The future of the IIoT with Siemens MindSphere

29 March 2019 | 3687 Shares

Some industry sectors seem to be a perfect fit for the Internet of Things (IoT) and the Industrial IoT (IIoT). From high-precision electronics, modern manufacturing to micrometer tolerances and biotechnology – the IIoT is great for areas of business that are infused with technology. It’s in these settings that you’d expect stakeholders to demand the type of monitoring and attenuation next-gen IIoT can bring.

Conversely, it’s sometimes hard to imagine the IoT and heavy industry fitting well together, especially when the machinery and plants in question pre-date the IIoT, or at least pre-date the very latest in IoT technologies, like distributed compute and time-sensitive networking protocols.

While legacy equipment often came with sensor arrays and control mechanisms, the protocols and communication methods they use are likely outdated, or at least incompatible with newer machines. Further, managers of complex installations in industry often struggle to create a detailed overview of their entire operations due to mismatches in technologies. Control surfaces can be machine or machine-type specific, so maintaining an efficient operation necessitates constant supervision; in effect, babysitting the production process. Therefore, providing an overarching IIoT control surface can be problematic.

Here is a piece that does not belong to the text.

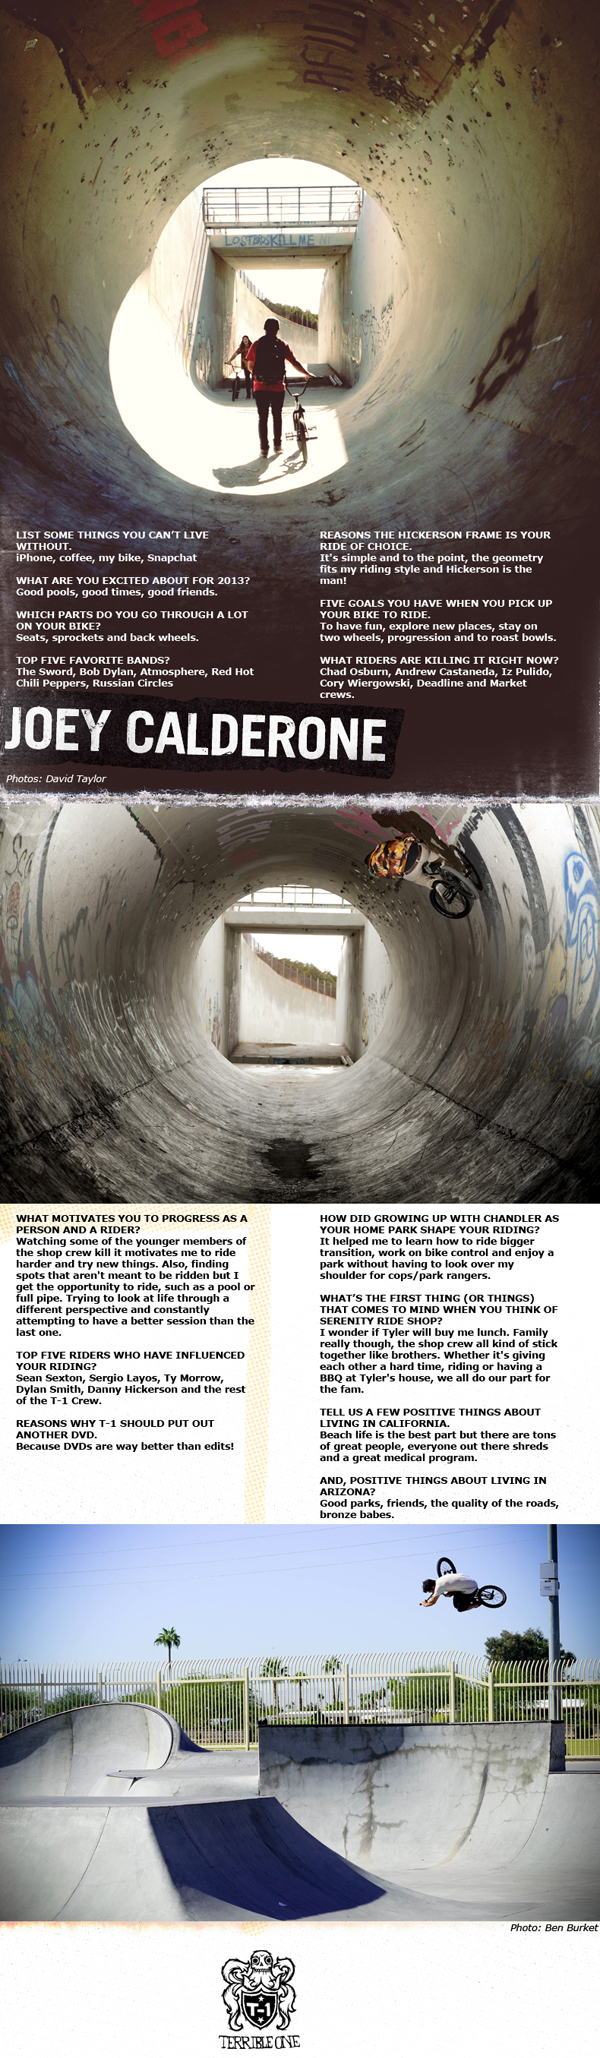 Joey Calderone BMX

However, now in traditional industries, IIoT platforms are emerging that do the same on the factory floor as exist on the trading floor: seamlessly connecting legacy and new machinery, uniting outputs from the multitude of sensors and attenuators, and normalizing their communication protocols. In IT terminology, that’s known as platform agnosticism, and the concept is spreading from IT to OT (operational technology). Oversight, real-time control and identification of problem areas are three advantages that these new IT/OT platforms bring, plus there’s another possibility, that of extensibility.

As new devices, plants, machinery, and systems come on board they can be assimilated into the platform, with their effects on existing installations carefully monitored. The IT/OT platform creates a future-proof framework that changes the picture –businesses can see where they can lower costs, tweak methods to boost production, and ensure smoother interactions between the different parts of their organizations: supply chain to production, production to logistics and so on.

With the help of the technology platform, plant managers can plan the best times to take machines offline for maintenance and see early on the tell-tale signs of a malfunction or emerging problem. Machine life can be extended, therefore, and production outputs maximized. Downtimes are expensive, so keeping them to a minimum or carefully timetabling them for least impact creates massive savings.

In Indonesia, MindSphere is supporting a firm that is running multiple legacy diesel generators in geographically distant facilities, to predict when the next failure or drop in performance of each unit might occur. Armed with the process variables from each machine (data on Modbus RTU converted to TCP/IP on the fly), they arrange the maintenance schedule to minimize the effect of a machine going offline.

A semiconductor manufacturer shows how the extensibility of this new generation of OT/IT platforms also extends out into the cloud – very much the wherewithal of the information technology revolution. Its pumps are monitored and controlled by MindSphere to ensure that there’s no drop in water quality flowing into the facility and that flow rates are maintained. Data from the pumps are passed to the cloud, where machine-learning algorithms predict potential downtimes. As accuracy develops via the cognitive routines, overall water quality is improved, making quality assurance standards much higher, meaning the company hits the KPIs for its very high-end customer requirements.

MindSphere enabling these companies to boost productivity brings IIoT technology to facilities in multiple verticals, from utilities, manufacturing, and automotive, to mining and electronics. The extensible MindSphere solution means legacy, existing, and new facilities can operate as a whole unit, with detailed oversight and control.

In terms of practical IIoT deployment, a paper titled “Leveraging industrial software stack advancement for digital transformation” published by McKinsey, states that of the organizations it interviewed, “industrial equipment and machinery players rank remote monitoring, remote and predictive maintenance, and OEE optimization as the most important IIoT use cases.” To empower organizations to achieve these three main aims, Siemens is best-placed to provide what’s necessary.